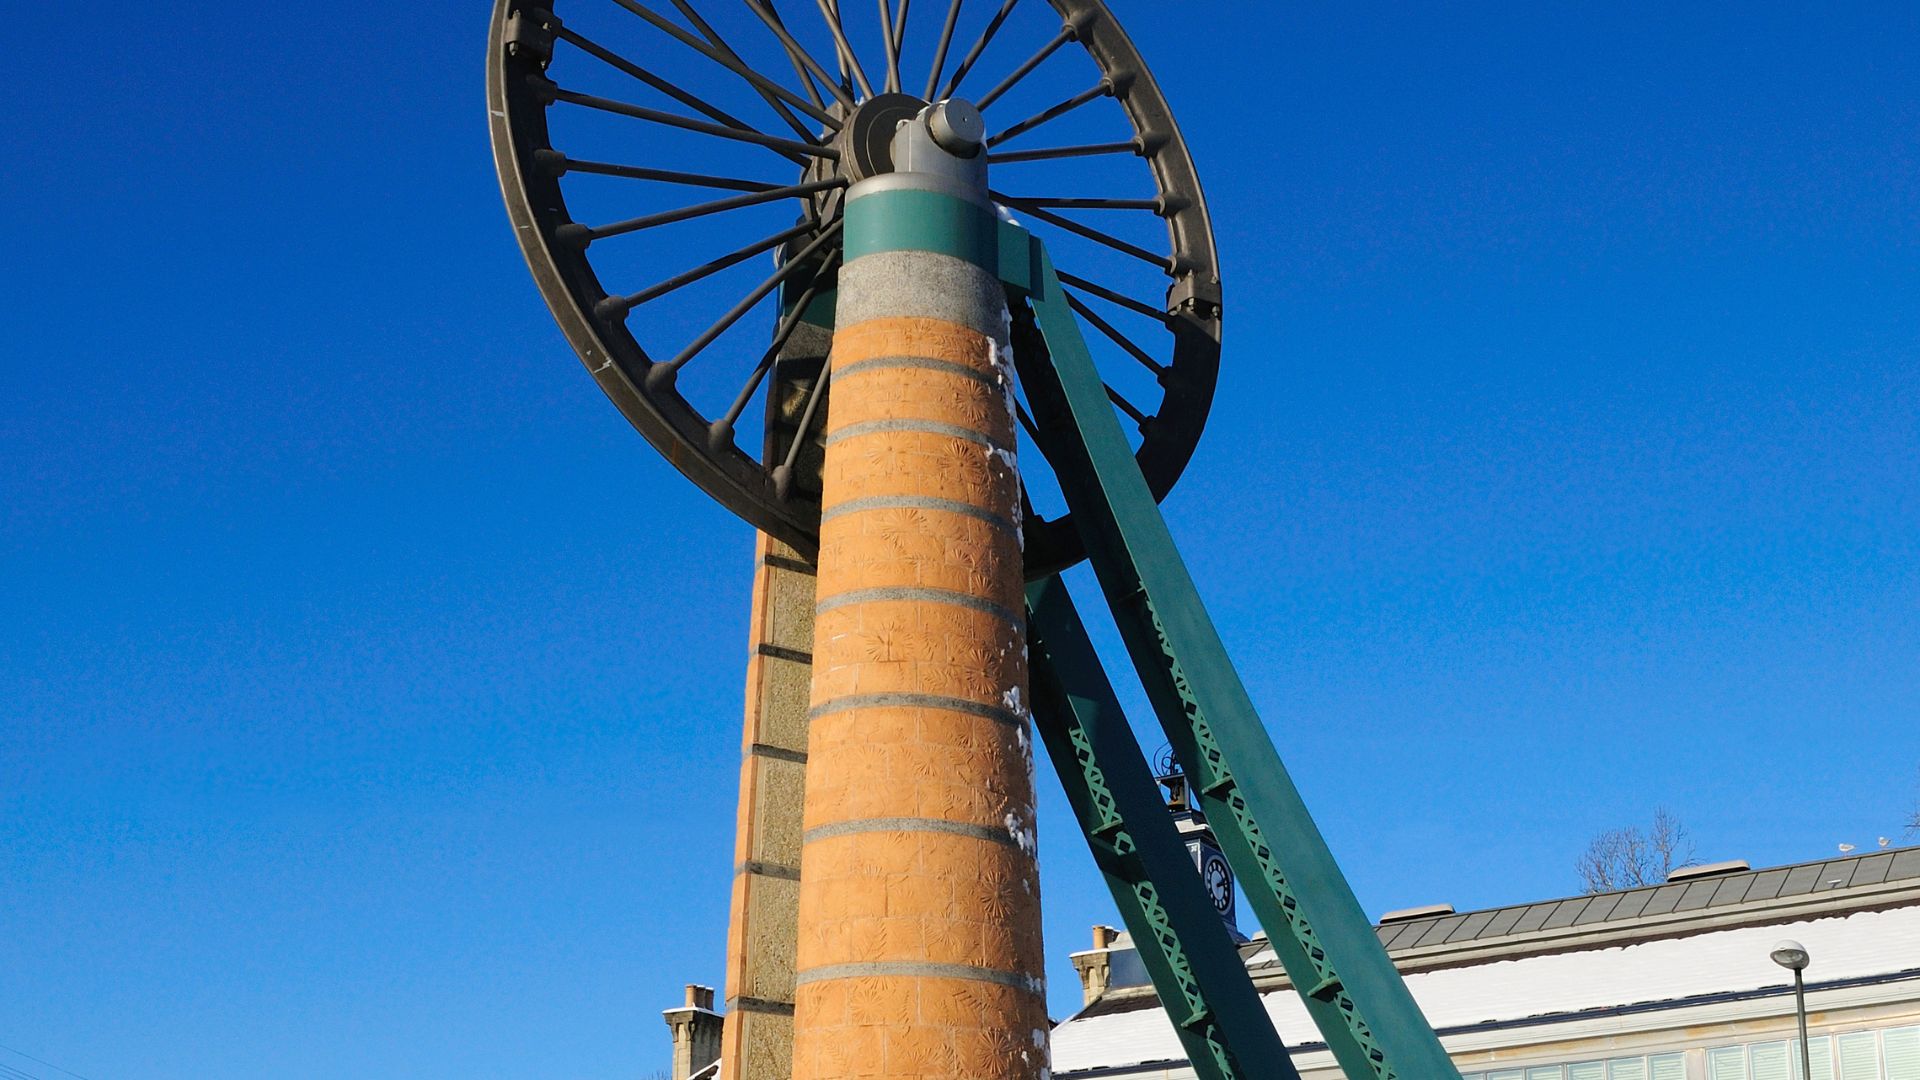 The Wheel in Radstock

* * *

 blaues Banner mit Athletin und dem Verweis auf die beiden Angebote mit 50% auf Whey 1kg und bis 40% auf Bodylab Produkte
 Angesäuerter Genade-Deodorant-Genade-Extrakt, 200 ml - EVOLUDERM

What is being asked. Looking at the records above, return exactly the lines from the line with "blaues Banner mit" to the line with "Angesäuerter Genade-Deodorant-Genade-Extrakt, 200", both ends included.

Completed task.
 blaues Banner mit Athletin und dem Verweis auf die beiden Angebote mit 50% auf Whey 1kg und bis 40% auf Bodylab Produkte
 Angesäuerter Genade-Deodorant-Genade-Extrakt, 200 ml - EVOLUDERM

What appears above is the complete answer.